Quantum Kernels in Practice

In this lecture, Jen Glick explains how you can use quantum kernels. In machine learning and more specifically in classification problems, kernels are transformations that you can apply to a given dataset to highlight interesting features that enable a better distinction between possible existing classes. You can then construct the quantum counterpart and use quantum computers to compute them. The quantum kernel must be hard to estimate classically to gain a computational advantage (otherwise we could just do it on a classical computer), but simply being hard to simulate doesn't mean the kernel will be useful at all. One approach to using quantum kernels in practice is to design them to exploit structural insight that a classical computer is not able to perform with properties of entanglement or superposition. In fact, the DLOG Kernel can exploit group structure in the data with a proven speedup over any classical counterpart.
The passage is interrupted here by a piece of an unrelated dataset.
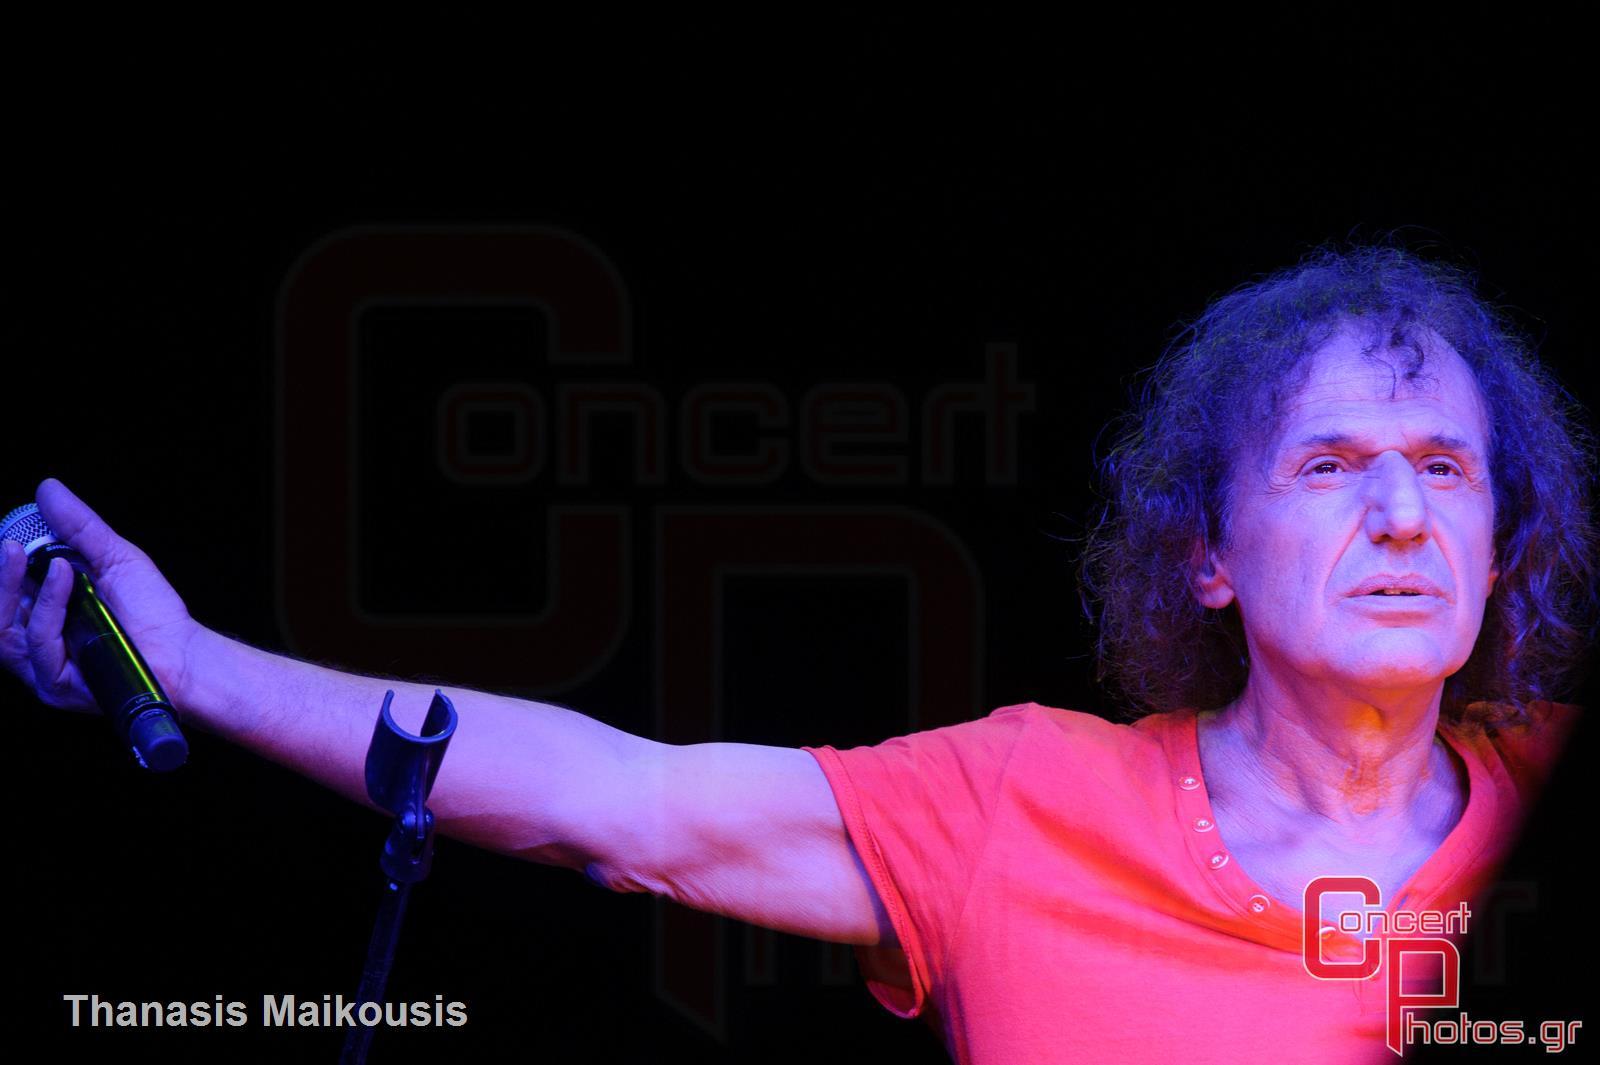 Βασίλης Παπακωνσταντίνου - 40 Χρόνια Έφηβος- photographer: Thanasis Maikousis - concertphotos_-4658

In the rest of the lecture, Jen Glick presents and comments a simple example of quantum kernel on a dataset with group structure.

FAQ

What kind of practical data can have group structure? It is hard to think of a specific practical dataset. However, if the data has some kind of symmetry, it is very likely to have a group structure. This is a way of thinking in order to find a problem that will fit into the framework of quantum kernels exploiting group structures. The field and the idea is very early so anyone can find a dataset with structural properties.
How to know if a quantum kernel is hard to estimate classically or not before starting to work on it? Hard to estimate classically means you can prepare and execute the quantum circuit efficiently whereas a classical implementation will take an exponentially longer time to compute. There are known classes of quantum circuit that obey those properties. On the contrary, quantum circuits with a lot of entanglement or qubits do not necessarily mean the corresponding circuit is hard to estimate classically. Thus, the known classes are a good starting point in order to build a quantum kernel that will bring a speedup advantage.
How do we select the right quantum kernel for a particular problem on dataset? The million dollar question. A first approach can be the brute force using a bunch of different kernels and compare to find out how well they perform but it does not guarantee any meaningful results over classical kernels. Another approach is to find a way to optimize a given kernel according to the dataset. Tuning a kernel on a given dataset is directly link to the generalization bound it will perform on other datasets of similar problems.
Does the group structure only refer to training data or can be expected from testing data and other examples? In this framework, the assumption is that the full dataset has this underlying structure because the way kernels are designed is aimed at this structure. Indeed, training a kernel based on this assumption would lead to poor performances and other datasets with different group structure because it is applied to the specific training and testing.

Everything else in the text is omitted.